45. Expanding the Cosmos: Relations with, Recoverings of, and Resistances to Space Sciences and Outer Space

Eleanor Armstrong, University of Delaware; Reka Gal, Faculty of Information, University of Toronto

Posted: February 28, 2022
Accepted Languages: English/Inglés/Inglês, Spanish/Español/Espanhol, Portuguese/Portugués

Continuing the conversations emerging during the ‘Rethinking Outer Space and Science’ panel at 4S 2021, and in Uahikea Maile’s Plenary ‘On Anti-Colonialism in Space’, this panel encourages critical engagements with outer space across a range of methods, practices, and praxes that unsettle and resist the hegemonic narratives and imaginaries of space, and (re)create space sciences otherwise. We use the term “space sciences” expansively to refer to: the practices of science, engineering, and medicine related to outer space; the locations where this research takes place; the communication of such technosciences; direct and indirect institutional and organisational labour practices supporting it; and the materials of production, use, and waste associated with the field. We especially encourage contributions that take anti-colonial, anti-racist, crip, feminist, Indigenous, and/or queer approaches to this topic.

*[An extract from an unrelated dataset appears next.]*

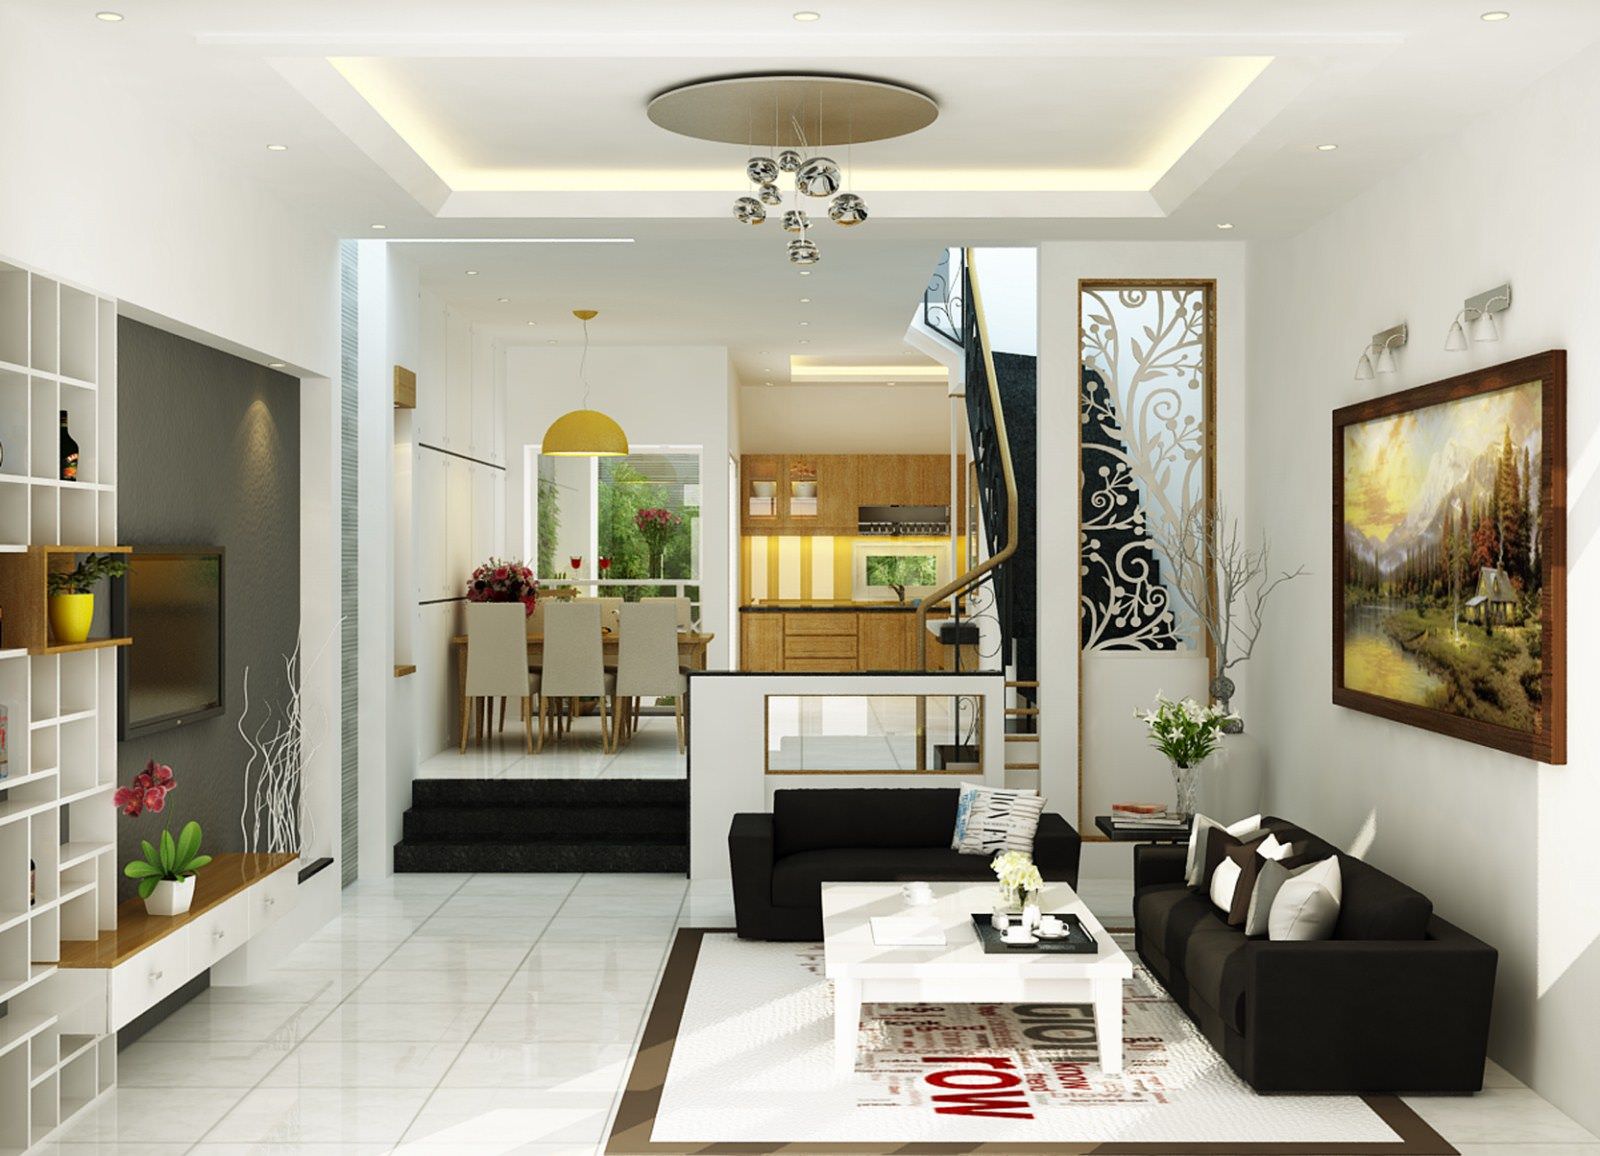 Mẫu phòng khách nhà ống đẹp hiện đại với tông màu trắng làm chủ đạo mang đến không gian thoáng đãng cho căn phòng
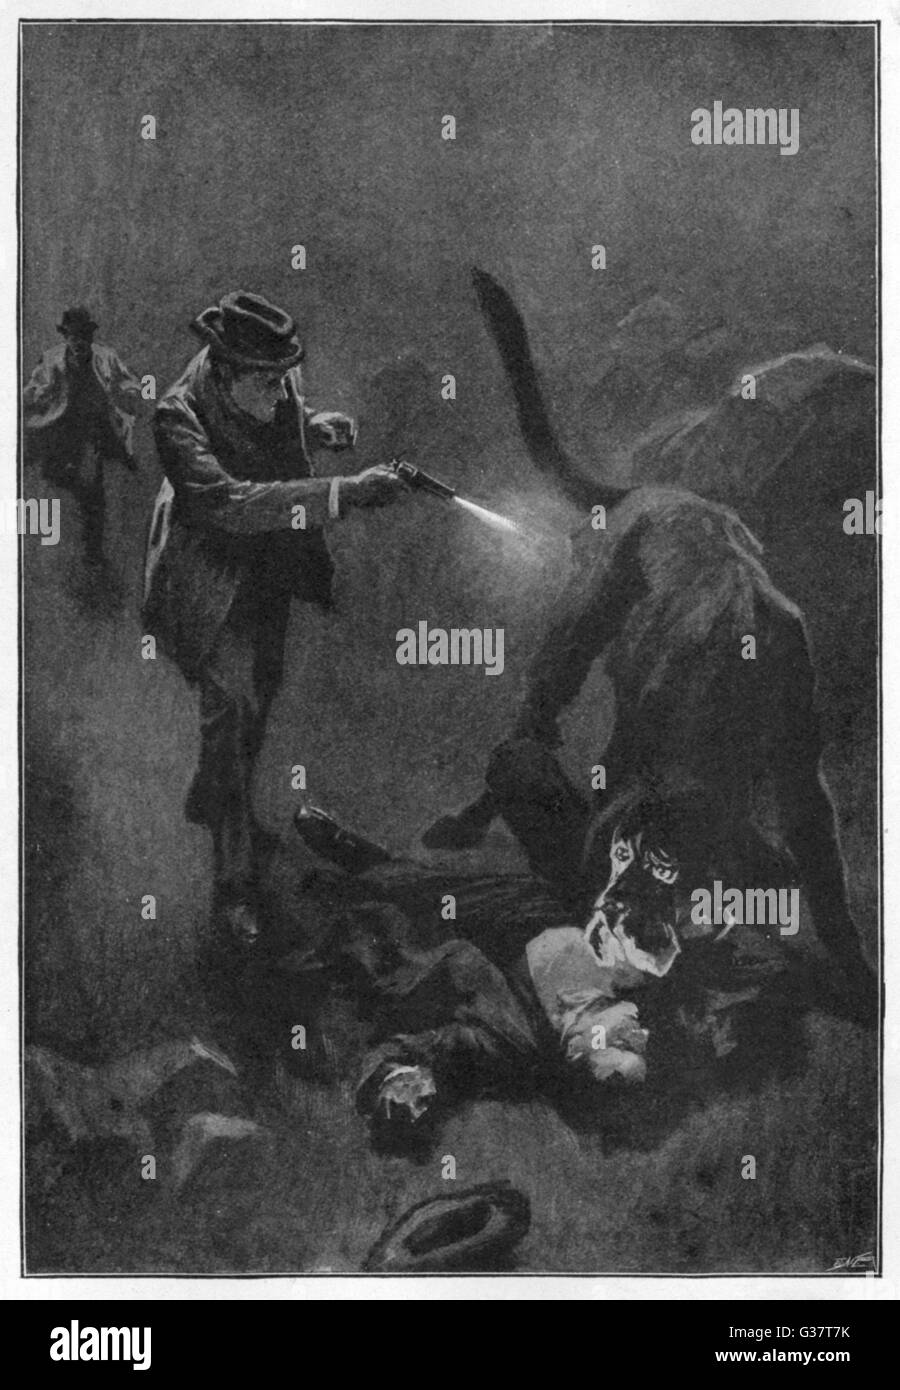 HOUND OF THE BASKERVILLES Holmes schießt den finsteren Hund: "Holmes fünf Barrel seinen Revolver in die Kreatur Flanke entleert".     Datum: Erstveröffentlichung: 1901-2 Stockfoto

We situate this panel within the 2022 theme by drawing attention to a key dimension of the conference: what relations have been broken or continued to be damaged by space sciences, and how can they be (re)built in a way that fosters good relations and coming together in difference? How do space sciences reinforce and recreate existing oppressions? How can we understand labour, caregiving, maintenance, and repair within space sciences? How can we recover what is valuable within space science to reconfigure the field beyond existing oppressions? How do we create relations of mutual responsibility between all permutations of the relations between humans and other-than-humans in space sciences. How can we reconfigure epistemologies relating to space?